The primary colors? Something was un-level in this guy’s thinking, but for some reason I didn’t feel warned off the man. Still, he needed to be set straight. “His name’s Charley. I better go and get this whackjob horse of mine unloaded somewhere for the night.”
“Where are you going?”
“I don’t know. I just need to park and let him be on some grass for a while.”
“There’s a pasture at my place. I’m about two miles down the road.” He pointed as though he really believed he was in two places at the same time.
But the thing of it was, I didn’t know where I was going to park. I was just hoping for a grassy field somewhere. Red pickets okay—I’d taught him all his ground manners when he was young—and I was going to sleep in Ol’ Blue’s cab of course, but hey, a pasture a couple miles down the road sounded pretty soon. So I’d followed this Guy fellow down to his keep, looked it over, and knew we’d be okay for the night.
Red started screaming as soon as I stopped at Guy’s place and the kicking recommenced, too. Then I made to unload.
“You’re not going in there, are you?” Guy looked horrified. I wasn’t so keen on it myself, but it wasn’t my trailer and it was my horse, so them’s, as they say, the breaks.

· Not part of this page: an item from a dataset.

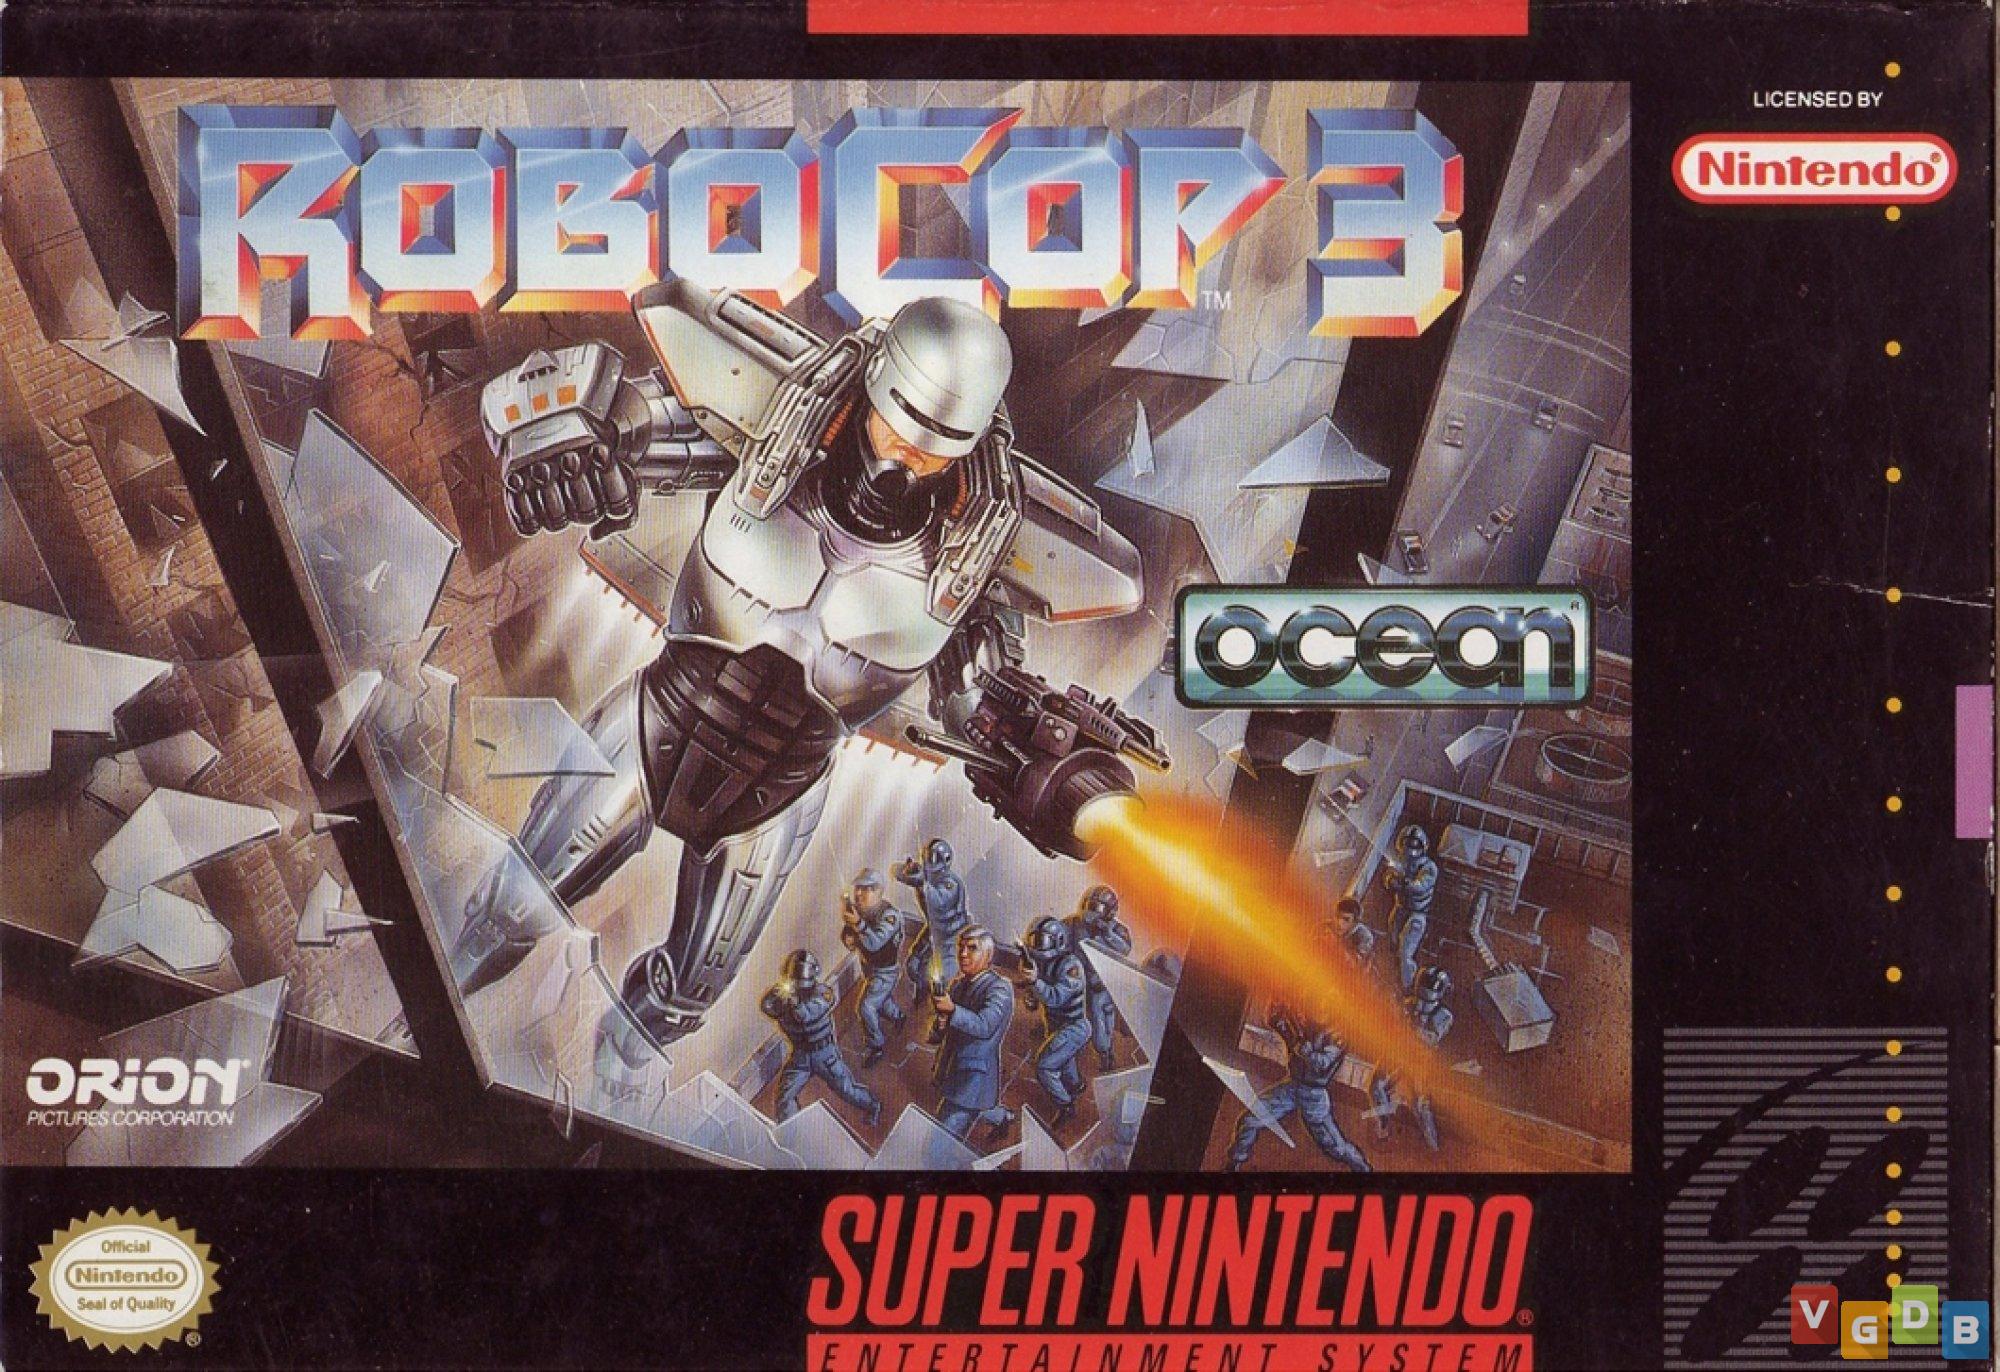 RoboCop 3 - VGDB - Vídeo Game Data Base

All this was before I knew enough about the man to see that some folks would later be inclined to call him my foo-foo boyfriend. It was before I knew he’d memorized every show tune and sings parts of every song, but with the wrong words. Before I knew I’d be living in his garage. Before I started digging myself into Butte County in general and the little town of Cowdry in particular as a professional horseshoer on her own.